--- START ---
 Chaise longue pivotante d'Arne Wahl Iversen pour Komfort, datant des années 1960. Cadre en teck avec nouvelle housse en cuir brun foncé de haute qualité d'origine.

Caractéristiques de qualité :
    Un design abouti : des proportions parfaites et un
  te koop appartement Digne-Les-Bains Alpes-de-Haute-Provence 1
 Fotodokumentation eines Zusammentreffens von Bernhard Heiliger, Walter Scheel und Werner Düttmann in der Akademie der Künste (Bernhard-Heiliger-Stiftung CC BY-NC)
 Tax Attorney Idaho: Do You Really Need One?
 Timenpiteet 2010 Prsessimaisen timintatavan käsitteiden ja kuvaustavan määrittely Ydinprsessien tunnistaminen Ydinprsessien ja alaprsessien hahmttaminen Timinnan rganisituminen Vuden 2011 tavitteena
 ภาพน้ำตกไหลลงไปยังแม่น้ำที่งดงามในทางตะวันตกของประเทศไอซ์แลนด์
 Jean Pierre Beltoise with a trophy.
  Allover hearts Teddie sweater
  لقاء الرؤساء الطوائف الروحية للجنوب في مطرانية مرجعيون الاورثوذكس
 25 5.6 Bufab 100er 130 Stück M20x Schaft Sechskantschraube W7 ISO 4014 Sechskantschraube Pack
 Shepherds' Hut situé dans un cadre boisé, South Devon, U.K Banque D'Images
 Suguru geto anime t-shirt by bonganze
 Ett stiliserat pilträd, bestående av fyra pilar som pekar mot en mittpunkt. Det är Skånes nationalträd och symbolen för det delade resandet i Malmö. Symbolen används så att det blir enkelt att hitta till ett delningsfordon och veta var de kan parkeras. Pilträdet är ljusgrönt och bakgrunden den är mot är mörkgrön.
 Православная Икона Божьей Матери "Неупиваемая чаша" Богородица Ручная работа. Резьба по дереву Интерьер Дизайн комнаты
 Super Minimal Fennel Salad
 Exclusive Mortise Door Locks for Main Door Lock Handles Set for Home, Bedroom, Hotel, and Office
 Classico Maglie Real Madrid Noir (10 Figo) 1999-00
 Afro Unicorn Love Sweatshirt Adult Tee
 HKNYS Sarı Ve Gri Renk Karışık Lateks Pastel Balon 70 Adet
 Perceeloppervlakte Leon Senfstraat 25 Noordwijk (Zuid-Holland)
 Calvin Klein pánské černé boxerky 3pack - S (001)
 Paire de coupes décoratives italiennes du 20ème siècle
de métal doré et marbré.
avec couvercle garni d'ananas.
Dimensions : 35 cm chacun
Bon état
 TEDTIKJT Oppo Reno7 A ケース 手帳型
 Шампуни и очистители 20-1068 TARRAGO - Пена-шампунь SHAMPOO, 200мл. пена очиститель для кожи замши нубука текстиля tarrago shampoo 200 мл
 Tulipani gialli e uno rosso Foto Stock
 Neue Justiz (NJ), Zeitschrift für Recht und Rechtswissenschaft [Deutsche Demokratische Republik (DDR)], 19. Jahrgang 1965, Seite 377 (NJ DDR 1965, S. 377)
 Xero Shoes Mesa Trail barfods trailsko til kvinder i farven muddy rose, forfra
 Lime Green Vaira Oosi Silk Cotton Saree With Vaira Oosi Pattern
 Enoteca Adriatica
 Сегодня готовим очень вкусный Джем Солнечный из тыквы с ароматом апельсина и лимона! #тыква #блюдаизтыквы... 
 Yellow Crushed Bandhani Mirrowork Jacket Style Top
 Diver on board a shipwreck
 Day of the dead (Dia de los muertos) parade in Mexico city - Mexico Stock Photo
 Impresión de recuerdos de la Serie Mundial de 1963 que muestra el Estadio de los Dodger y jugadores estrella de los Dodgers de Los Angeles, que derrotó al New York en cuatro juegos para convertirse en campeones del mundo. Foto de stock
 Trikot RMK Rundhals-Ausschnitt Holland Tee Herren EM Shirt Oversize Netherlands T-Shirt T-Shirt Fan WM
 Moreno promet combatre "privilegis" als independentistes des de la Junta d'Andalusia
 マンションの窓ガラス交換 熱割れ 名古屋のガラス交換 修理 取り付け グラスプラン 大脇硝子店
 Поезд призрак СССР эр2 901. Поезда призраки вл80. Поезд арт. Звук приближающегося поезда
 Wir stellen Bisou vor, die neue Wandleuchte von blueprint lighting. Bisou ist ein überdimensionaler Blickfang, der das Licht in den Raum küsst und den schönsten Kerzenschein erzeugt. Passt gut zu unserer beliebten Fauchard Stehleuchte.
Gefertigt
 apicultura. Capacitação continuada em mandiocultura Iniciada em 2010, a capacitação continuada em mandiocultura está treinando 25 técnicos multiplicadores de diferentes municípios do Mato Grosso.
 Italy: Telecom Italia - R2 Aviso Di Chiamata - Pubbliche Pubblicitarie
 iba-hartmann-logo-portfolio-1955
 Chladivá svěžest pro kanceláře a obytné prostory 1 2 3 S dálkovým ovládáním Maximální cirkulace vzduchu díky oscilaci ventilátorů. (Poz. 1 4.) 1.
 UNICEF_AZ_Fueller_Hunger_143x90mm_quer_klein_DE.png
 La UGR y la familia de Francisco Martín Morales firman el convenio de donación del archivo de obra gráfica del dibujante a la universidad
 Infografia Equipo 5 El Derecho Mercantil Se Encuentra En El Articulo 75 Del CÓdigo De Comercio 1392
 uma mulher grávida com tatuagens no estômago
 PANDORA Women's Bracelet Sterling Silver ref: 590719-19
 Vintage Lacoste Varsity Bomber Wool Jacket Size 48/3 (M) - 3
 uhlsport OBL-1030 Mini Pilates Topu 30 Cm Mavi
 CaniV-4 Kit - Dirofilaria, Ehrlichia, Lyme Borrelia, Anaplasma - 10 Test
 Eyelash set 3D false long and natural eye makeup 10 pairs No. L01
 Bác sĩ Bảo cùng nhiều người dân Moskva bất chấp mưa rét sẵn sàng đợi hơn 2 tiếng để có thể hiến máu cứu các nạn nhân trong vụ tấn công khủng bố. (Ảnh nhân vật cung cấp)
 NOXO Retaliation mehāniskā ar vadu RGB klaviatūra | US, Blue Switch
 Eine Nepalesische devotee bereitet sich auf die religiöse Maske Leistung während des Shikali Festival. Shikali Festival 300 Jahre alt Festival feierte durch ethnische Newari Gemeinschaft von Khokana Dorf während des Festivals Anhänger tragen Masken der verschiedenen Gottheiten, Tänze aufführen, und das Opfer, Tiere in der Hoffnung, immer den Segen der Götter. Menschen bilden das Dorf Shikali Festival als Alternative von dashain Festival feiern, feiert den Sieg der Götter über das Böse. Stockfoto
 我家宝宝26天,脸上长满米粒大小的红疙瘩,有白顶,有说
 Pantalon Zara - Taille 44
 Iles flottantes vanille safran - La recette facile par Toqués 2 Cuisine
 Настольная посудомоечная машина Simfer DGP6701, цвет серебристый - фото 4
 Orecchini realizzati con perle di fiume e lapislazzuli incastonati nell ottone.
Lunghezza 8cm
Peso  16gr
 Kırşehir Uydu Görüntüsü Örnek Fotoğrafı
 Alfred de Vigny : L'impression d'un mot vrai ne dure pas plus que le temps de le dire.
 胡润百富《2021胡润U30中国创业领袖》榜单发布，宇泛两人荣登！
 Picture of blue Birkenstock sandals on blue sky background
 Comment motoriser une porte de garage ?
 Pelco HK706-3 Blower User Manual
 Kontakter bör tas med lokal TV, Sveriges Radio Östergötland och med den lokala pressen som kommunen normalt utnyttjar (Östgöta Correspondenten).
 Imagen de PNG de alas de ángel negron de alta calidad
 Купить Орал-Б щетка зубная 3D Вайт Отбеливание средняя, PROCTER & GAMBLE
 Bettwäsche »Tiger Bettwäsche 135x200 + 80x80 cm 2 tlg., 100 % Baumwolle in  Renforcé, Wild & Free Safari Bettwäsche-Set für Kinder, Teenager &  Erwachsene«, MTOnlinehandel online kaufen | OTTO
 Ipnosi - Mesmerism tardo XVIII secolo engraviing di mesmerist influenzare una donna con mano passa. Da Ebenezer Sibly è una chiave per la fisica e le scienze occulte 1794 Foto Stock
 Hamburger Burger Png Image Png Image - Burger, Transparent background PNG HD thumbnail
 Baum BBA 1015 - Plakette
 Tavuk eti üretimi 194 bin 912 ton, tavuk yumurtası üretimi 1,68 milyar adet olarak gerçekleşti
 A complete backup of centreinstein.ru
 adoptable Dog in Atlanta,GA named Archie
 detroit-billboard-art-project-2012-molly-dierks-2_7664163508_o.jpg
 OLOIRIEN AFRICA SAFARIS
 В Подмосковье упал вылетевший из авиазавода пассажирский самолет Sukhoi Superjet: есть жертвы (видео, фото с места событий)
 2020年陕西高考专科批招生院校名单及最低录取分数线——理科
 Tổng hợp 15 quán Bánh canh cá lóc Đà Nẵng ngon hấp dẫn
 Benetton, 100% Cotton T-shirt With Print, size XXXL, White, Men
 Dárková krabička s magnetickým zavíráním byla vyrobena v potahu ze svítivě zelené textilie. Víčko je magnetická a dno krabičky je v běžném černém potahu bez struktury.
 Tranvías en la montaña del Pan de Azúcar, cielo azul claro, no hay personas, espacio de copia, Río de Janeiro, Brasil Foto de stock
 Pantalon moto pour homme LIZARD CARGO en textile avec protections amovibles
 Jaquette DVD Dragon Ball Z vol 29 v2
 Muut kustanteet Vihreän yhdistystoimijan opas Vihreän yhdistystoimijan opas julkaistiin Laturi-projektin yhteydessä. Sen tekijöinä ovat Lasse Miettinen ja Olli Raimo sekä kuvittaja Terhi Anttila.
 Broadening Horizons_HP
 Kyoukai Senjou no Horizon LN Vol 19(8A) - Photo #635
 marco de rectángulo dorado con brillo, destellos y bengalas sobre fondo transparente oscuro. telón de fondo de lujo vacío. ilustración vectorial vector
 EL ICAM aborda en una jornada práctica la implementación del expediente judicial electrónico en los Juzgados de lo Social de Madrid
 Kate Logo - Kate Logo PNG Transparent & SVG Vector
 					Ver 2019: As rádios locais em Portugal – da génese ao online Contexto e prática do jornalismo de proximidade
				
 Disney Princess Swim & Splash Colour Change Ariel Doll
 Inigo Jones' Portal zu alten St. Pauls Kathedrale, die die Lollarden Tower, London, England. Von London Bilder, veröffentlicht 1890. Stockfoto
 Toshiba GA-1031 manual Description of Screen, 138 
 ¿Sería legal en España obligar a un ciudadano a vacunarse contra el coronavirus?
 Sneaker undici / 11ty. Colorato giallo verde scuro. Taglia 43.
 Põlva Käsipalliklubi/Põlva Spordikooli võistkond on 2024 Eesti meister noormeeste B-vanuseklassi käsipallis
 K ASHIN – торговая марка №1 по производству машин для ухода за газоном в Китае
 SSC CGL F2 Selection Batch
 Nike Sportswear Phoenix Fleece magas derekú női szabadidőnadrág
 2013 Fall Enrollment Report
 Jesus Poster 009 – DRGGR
--- END ---
**Work to be completed**
Give back exactly the lines above starting at the line where "Iles flottantes vanille" appears and ending at the line where "Kontakter bör tas" appears, both included, with no other lines.

**Completed exercise**
 Iles flottantes vanille safran - La recette facile par Toqués 2 Cuisine
 Настольная посудомоечная машина Simfer DGP6701, цвет серебристый - фото 4
 Orecchini realizzati con perle di fiume e lapislazzuli incastonati nell ottone.
Lunghezza 8cm
Peso  16gr
 Kırşehir Uydu Görüntüsü Örnek Fotoğrafı
 Alfred de Vigny : L'impression d'un mot vrai ne dure pas plus que le temps de le dire.
 胡润百富《2021胡润U30中国创业领袖》榜单发布，宇泛两人荣登！
 Picture of blue Birkenstock sandals on blue sky background
 Comment motoriser une porte de garage ?
 Pelco HK706-3 Blower User Manual
 Kontakter bör tas med lokal TV, Sveriges Radio Östergötland och med den lokala pressen som kommunen normalt utnyttjar (Östgöta Correspondenten).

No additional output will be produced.